The map detects user screen orientation to display features more easily in either portrait or landscape views.
- Tablet-optimised view
- Rich content: deeply integrated and dynamically updated
The Digital Explorer map allows people to “wander” the V&A with their fingers and show them its incredible contents. As users explore, they are connected with images and information about the incredible objects on show in the V&A’s many galleries. They can also see the full range of events and where exactly they are happening. This rich information is provided by live-linking to museum information and knowledge from multiple sources. It shows images, and rich information from the collections database and current event information from the events database. By using lookups based on room-reference, the contents of the rooms will update simply as the organisation does its daily work of cataloguing (object info) or managing bookings (event info). No additional content or technical resource is needed.
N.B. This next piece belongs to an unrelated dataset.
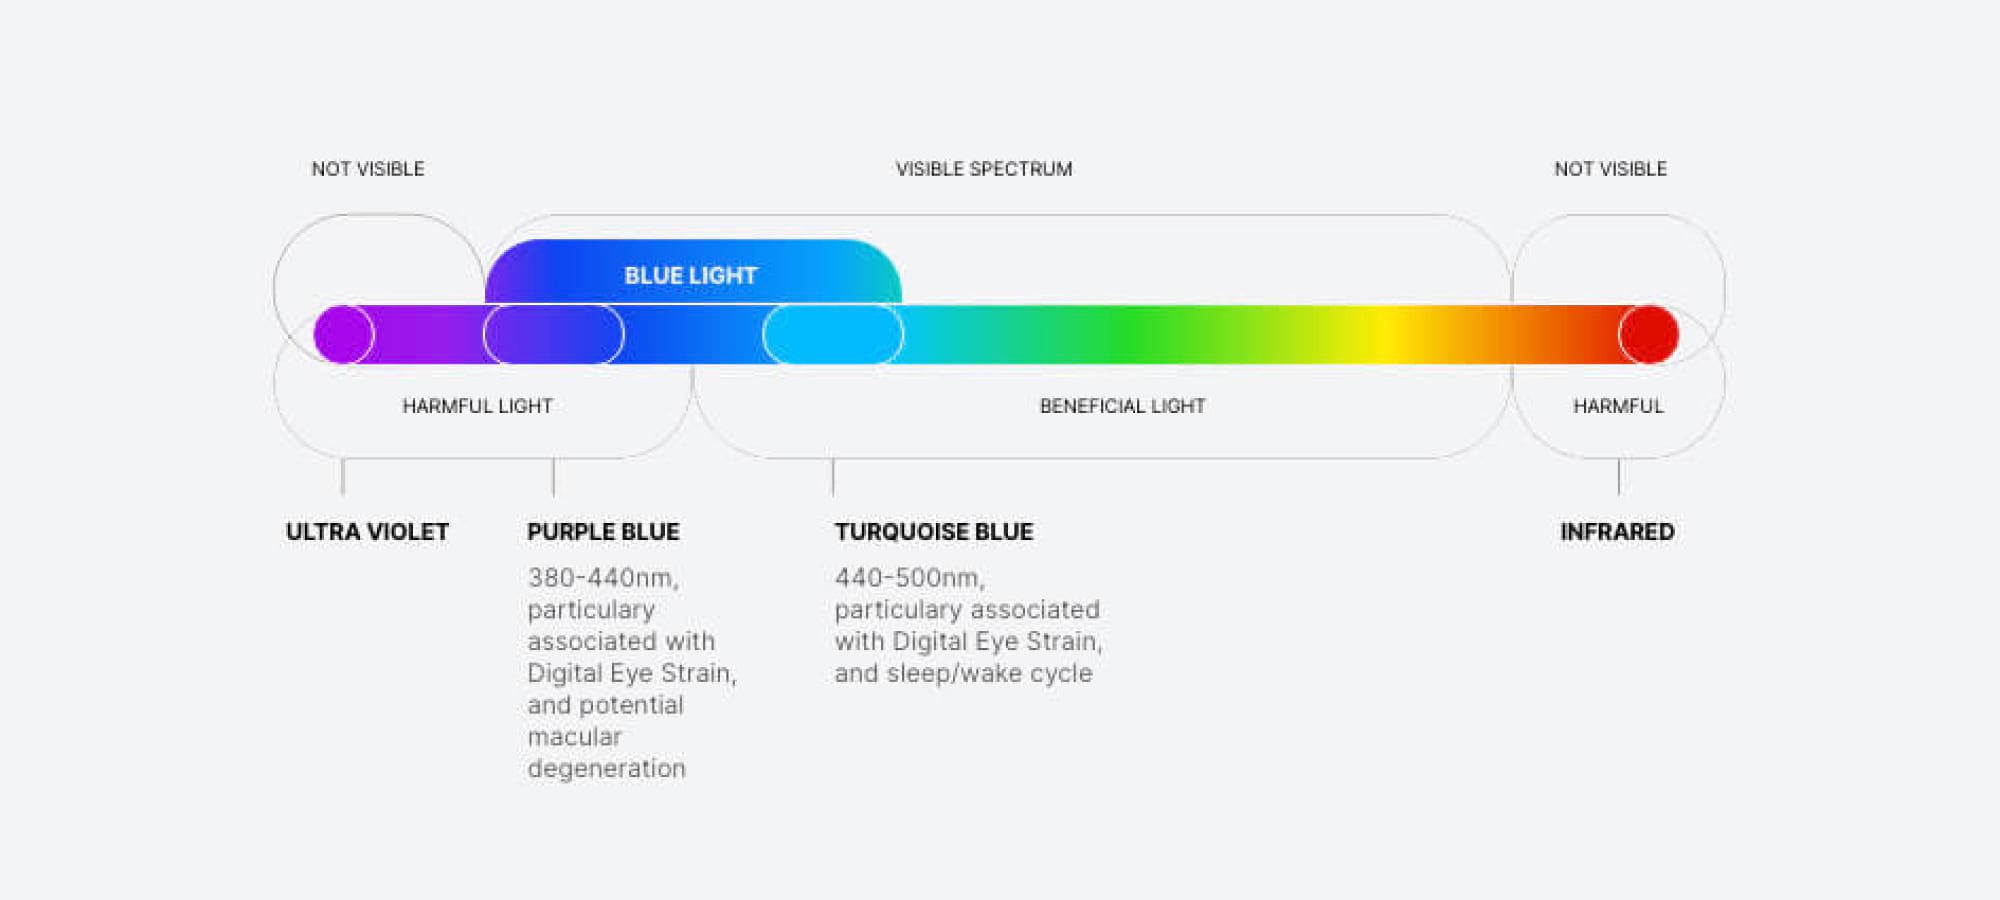 A Guide To The Spectrums of Light

- Create Once, Publish Everywhere
The map demonstrates the power of making data portable so that it can be re-used. It connects to the V&A’s core collections and event data using the established data APIs that also power multiple other services. The map is built on an innovative digital asset strategy stretching back to 2008 when the first collections API was created.
- Fully platform independent for the modern multi-device audience
Because it uses open web standards, the map is also not locked into proprietary platforms, avoiding vendor lock-in. It is not restricted by app rules controlled by third party operating systems like iOS or Android. For visitors, this means it is forward-compatible with almost any web-enabled device. This is not only user-friendly, it is a very efficient way to manage scarce resources. Consumers are free to choose. Just because they use one technology now, doesn’t mean they will stay with it forever.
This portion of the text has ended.